Трое новых посетителей обменялись взглядами, смысл которых я не смог уловить в полумраке.
– Значит, вы хотите найти юриста, который мог бы… скажем, убедить суд в том, что часть суммы, оставленной в доверительное распоряжение для поддержания вашей семьи, следует выделить лично вам, чтобы вы могли привезти в Англию жену и детей? – Викерс облизал тонкие губы. – Для такого дела требуется известная предприимчивость.
Я слушал собеседника, испытывая жгучий стыд за Августа Джеффриса и его желание обобрать несуществующих родственников.
– Я не взялся бы за это дело, если бы не положение звезд.
Викерс на мгновение притих и пристально уставился в мой единственный глаз.
– А как для вас сложились звезды?
Я старался говорить с трудом, будто вспоминал нечто такое, с чем имел лишь поверхностное знакомство:
– Юпитер и Сатурн сошлись в одном Доме. Конечно, если бы не Великий Крест, это не было бы настолько ужасно…
– Достаточно! – воскликнул Викерс и взглянул на троих соседей. – Он прав, знаки очень плохие.

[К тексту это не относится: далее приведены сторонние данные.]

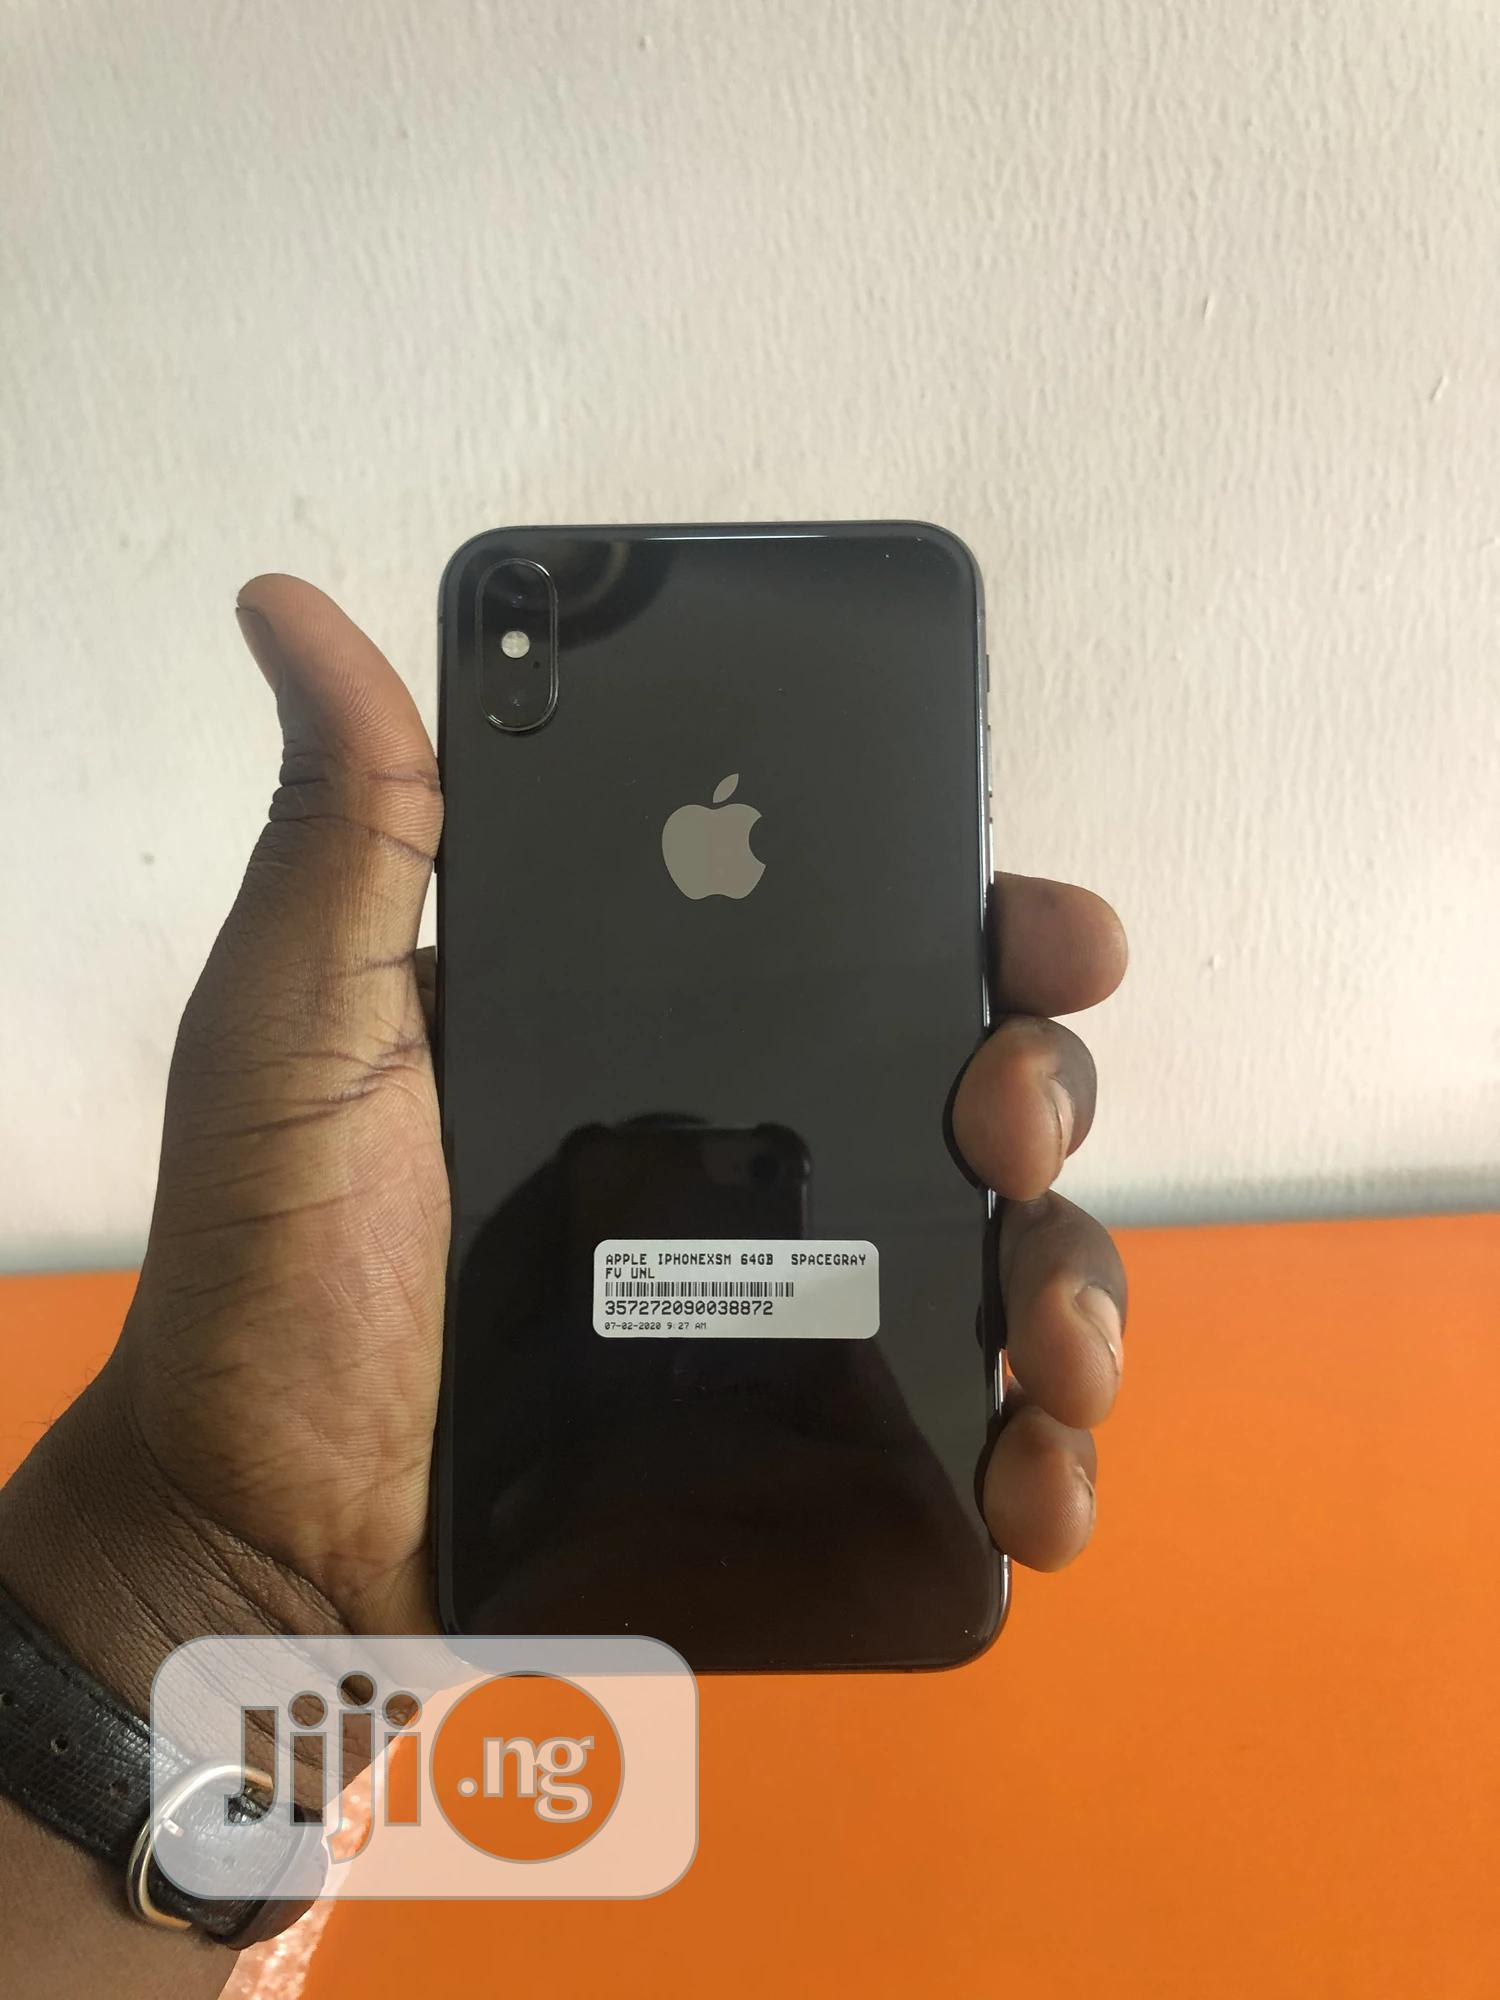 Apple iPhone XS Max 64 GB Black | Mobile Phones for sale in Osogbo, Osun State, Nigeria
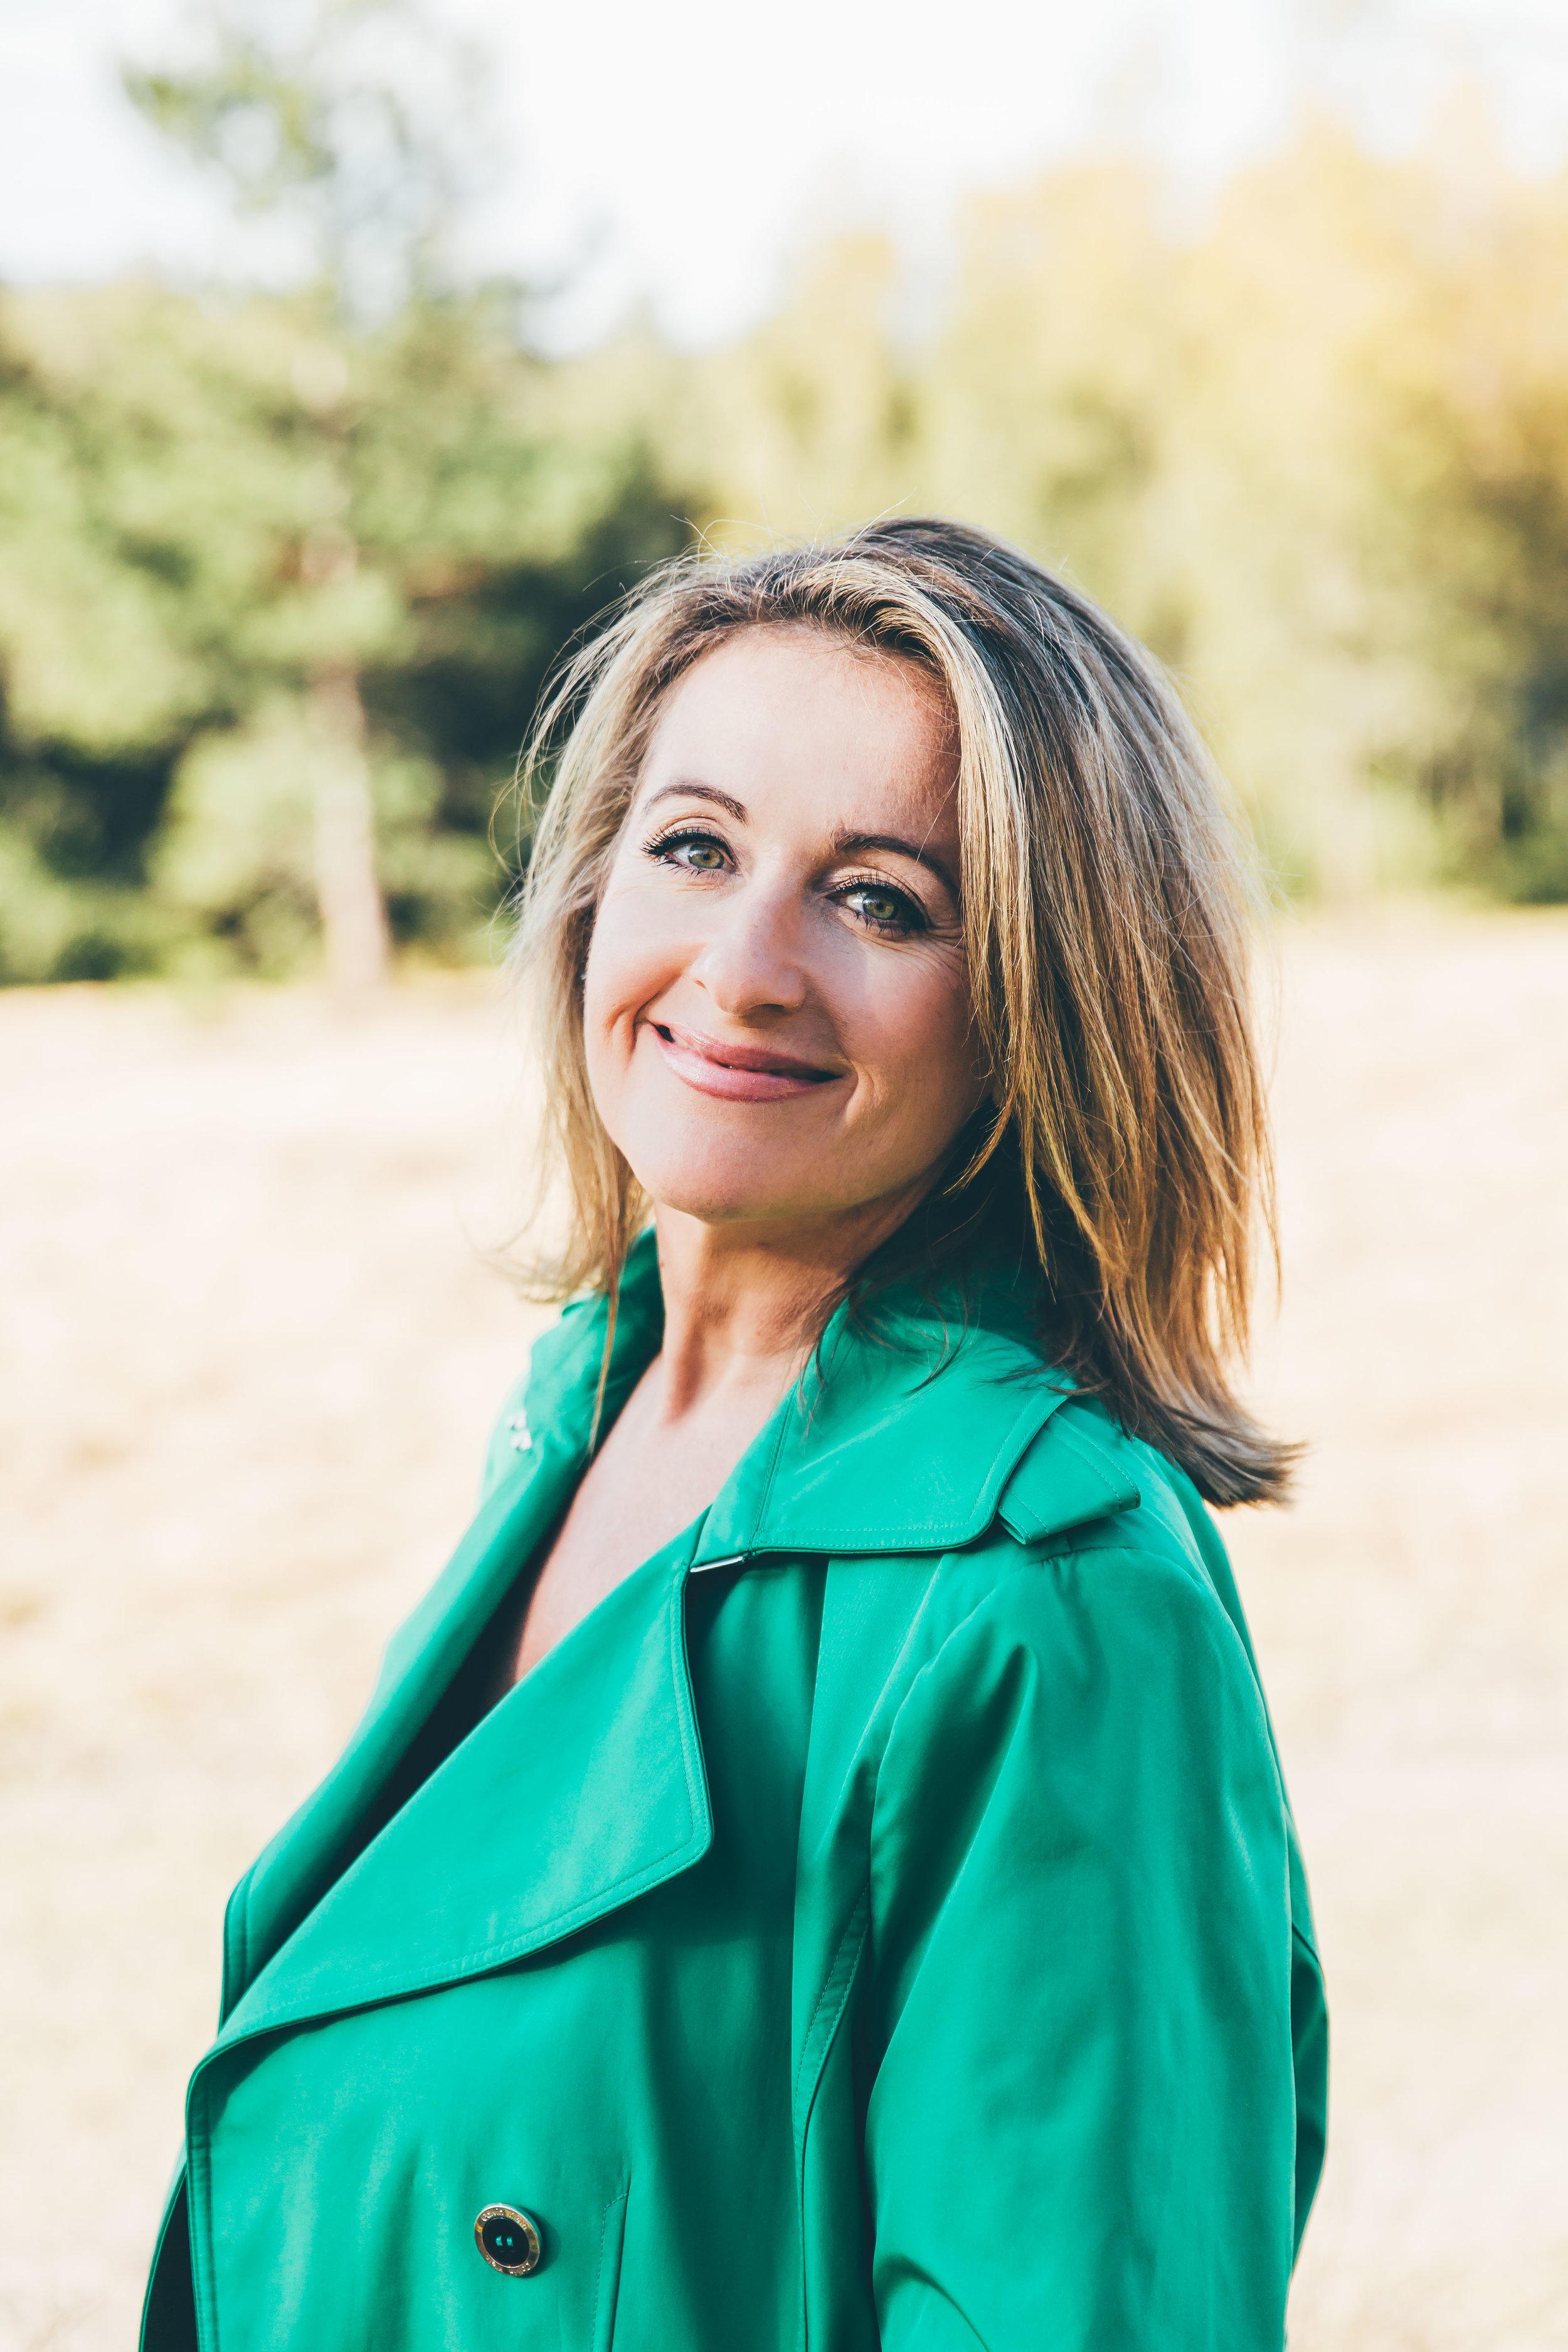 Sonia McNaughton Newcastle Naturopath Nutritionist Medical Herbalist Mayfield Women's Hormones Thyroid Health Hashimoto's Grave's Disease Hypothyroidism Hyperthyroidism

Старший из троих, от которого, похоже, многое зависело, седовласый человек, похожий на крота, одетого в дорогой твидовый костюм, глубокомысленно кивнул и заговорил с четко выраженным девонширским акцентом:
– Действительно. Если Юпитер сошелся с Сатурном, это вызвало их взаимную вражду и могло явиться причиной некоторых его неудач. – Он сделал сильное ударение на слове «некоторых».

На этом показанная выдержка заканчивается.